Payton Turner’s best fits in the 2021 NFL Draft
There are some questions left for Payton Turner to answer. However, Turner has the ability to answer withstanding concerns in the 2021 offseason. With offseason testing, Turner can validate his athletic potential as a hybrid defensive lineman. And at the Senior Bowl in Mobile, Alabama, he can keep rising by standing out against some of the top offensive line talent in the 2021 NFL Draft.
Turner is an extremely under-the-radar player when factoring in his production, athletic upside, and versatility. Depending on team fit, I’d be open to selecting him in the heart of the NFL Draft, between Round 3 and Round 5. He doesn’t quite have the buzz of a late Day 2 pick yet, but he has all the physical talent and potential necessary to get to that point. Plus, his on-field effort will serve as a compounding agent to teams wise on his upside.
Which teams mesh best with Turner’s projected versatility?
With his physical profile, Turner is a potential mismatch factory. He has the size and explosiveness to line up as a 4-3 edge defender and slide inside on occasion. The same goes for his flexibility in a 3-4 scheme. Turner might project better as a 3-4 defensive end, but he also has the ability to stand up as an edge rusher in that scheme. Hybrid fronts also incubate Turner’s flexibility well.
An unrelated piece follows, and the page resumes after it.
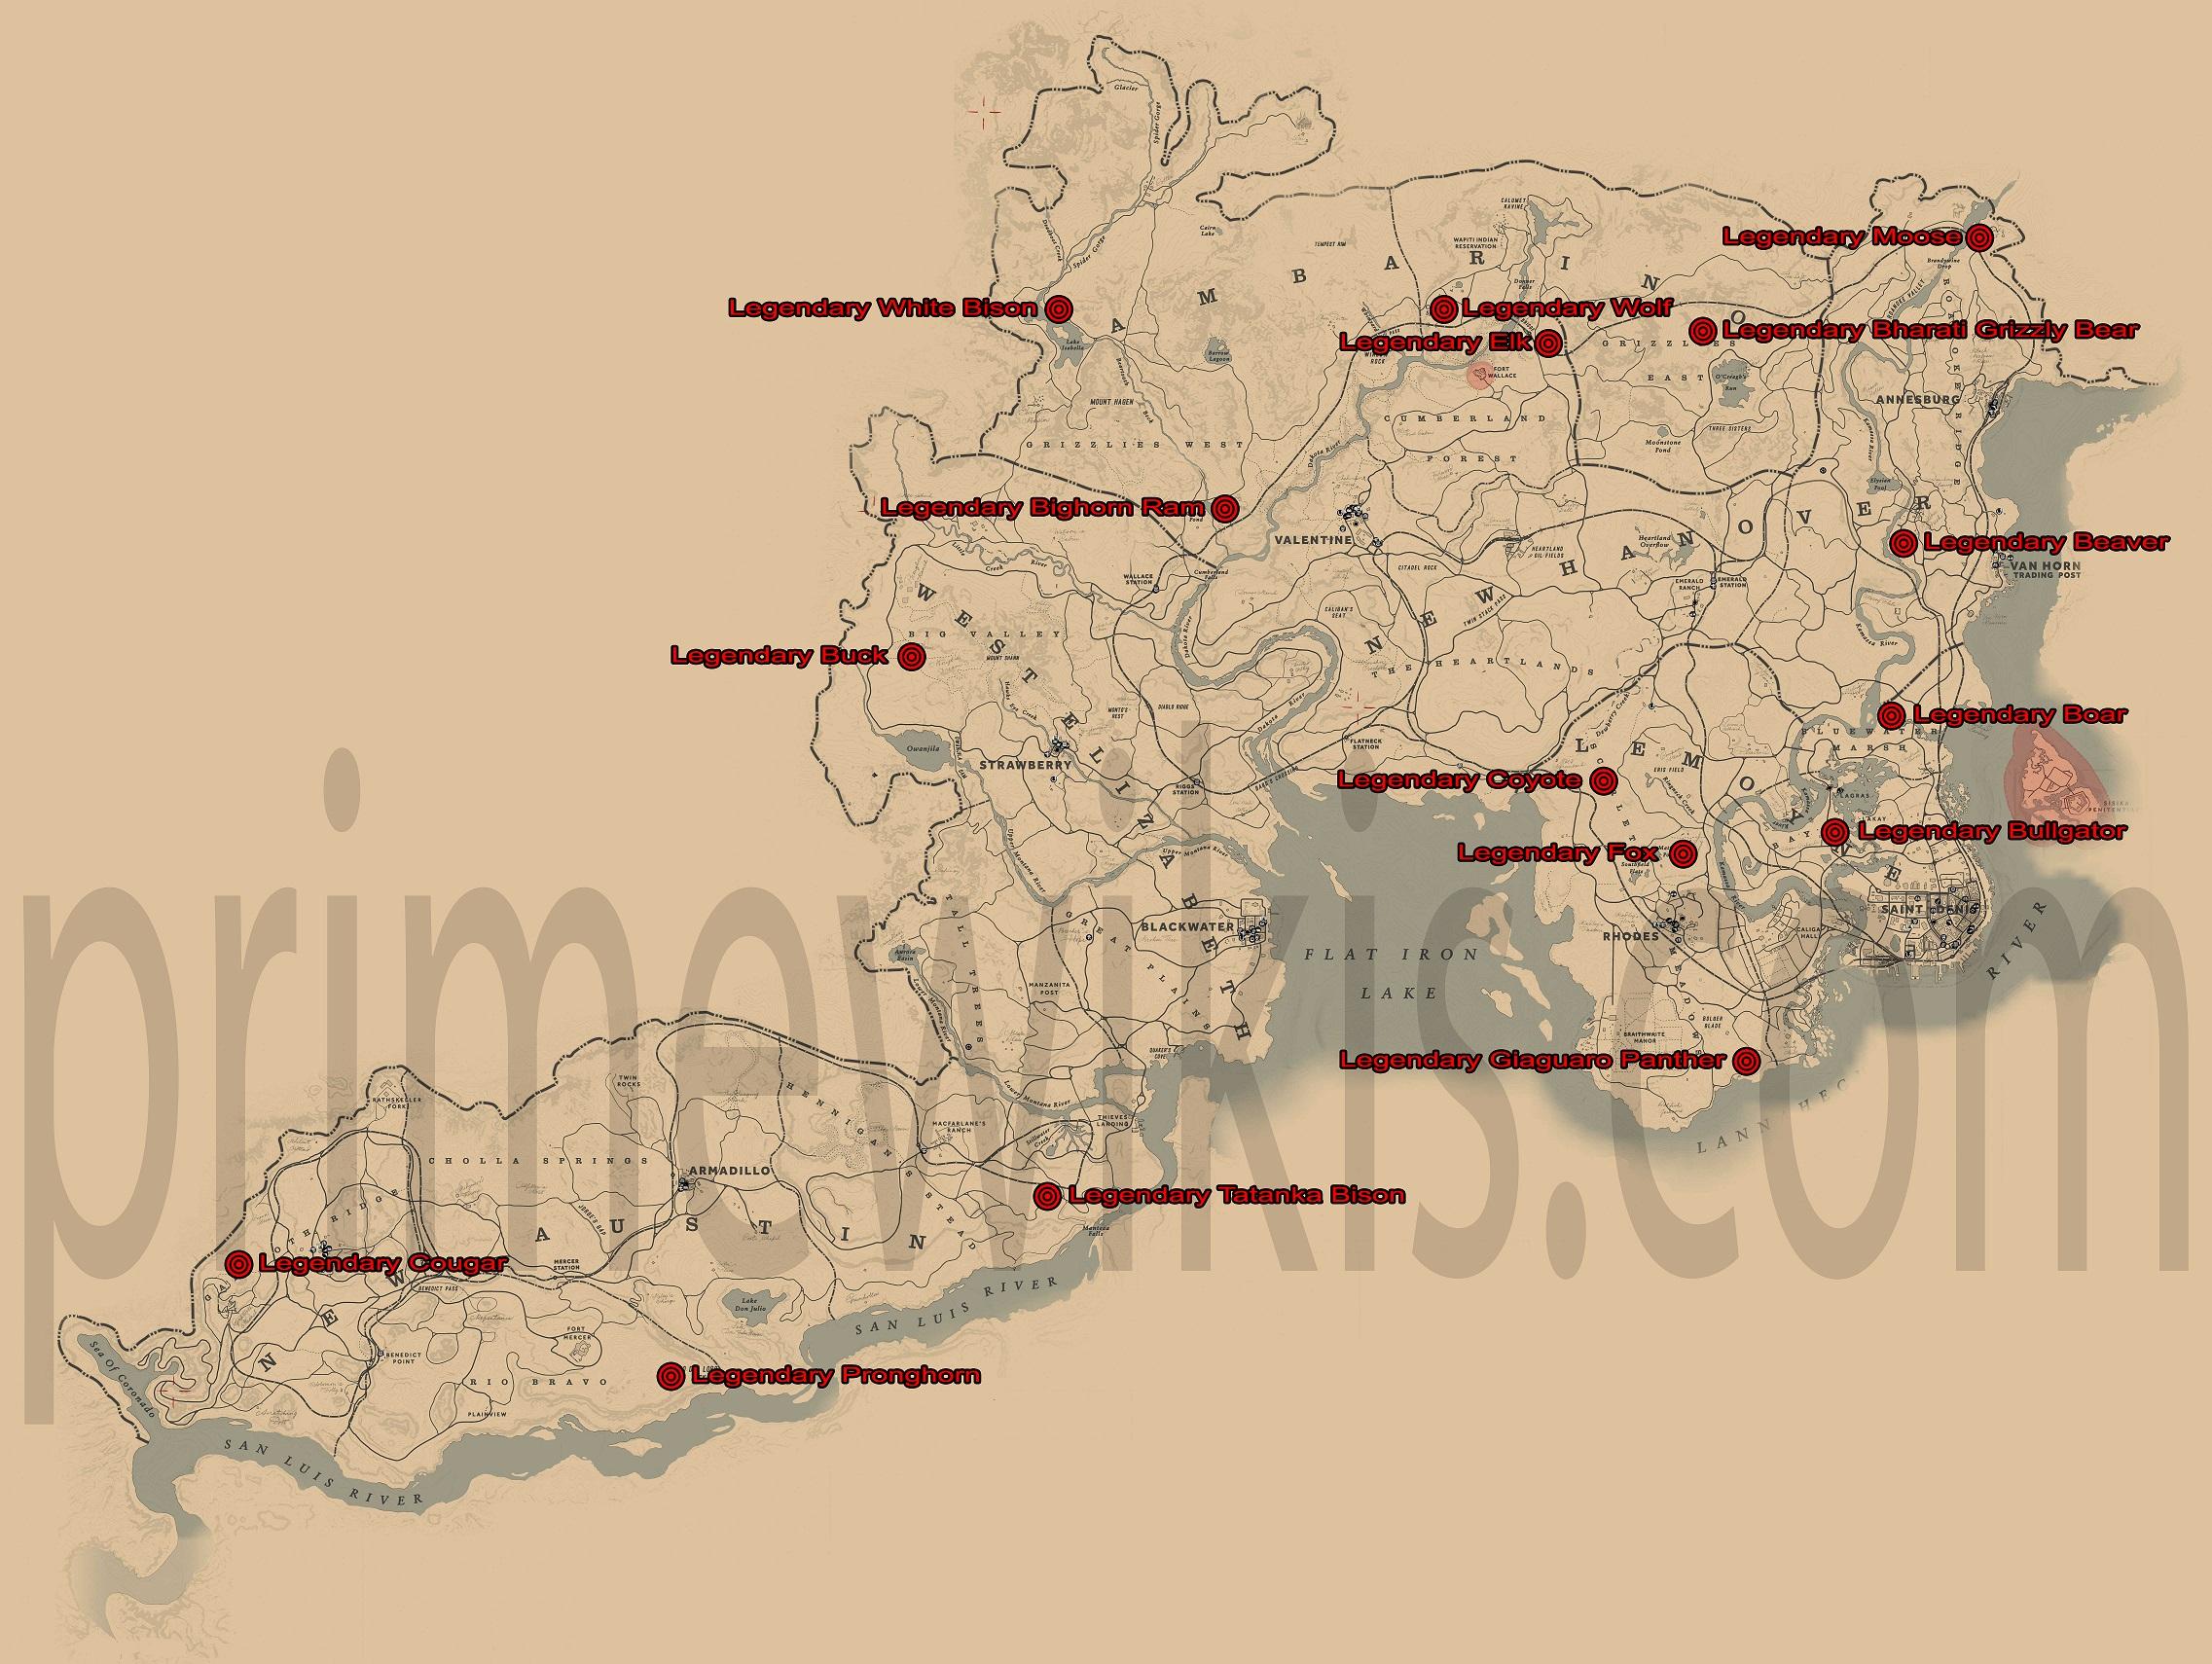 rdr2 legendary animals locations map [ 2273 x 1710 Pixel ]

For these reasons, his potential fits are wide-ranging. However, teams that need both interior and EDGE talent might benefit most from his acquisition. Teams like the Colts, Ravens, and Falcons project as especially inspiring fits, but it’s also exciting to think about how Robert Saleh might be able to use Turner with the Jets. The Houston edge defender still has some refinement to undergo, but he could be a high-value steal in the 2021 NFL Draft with his athletic potential.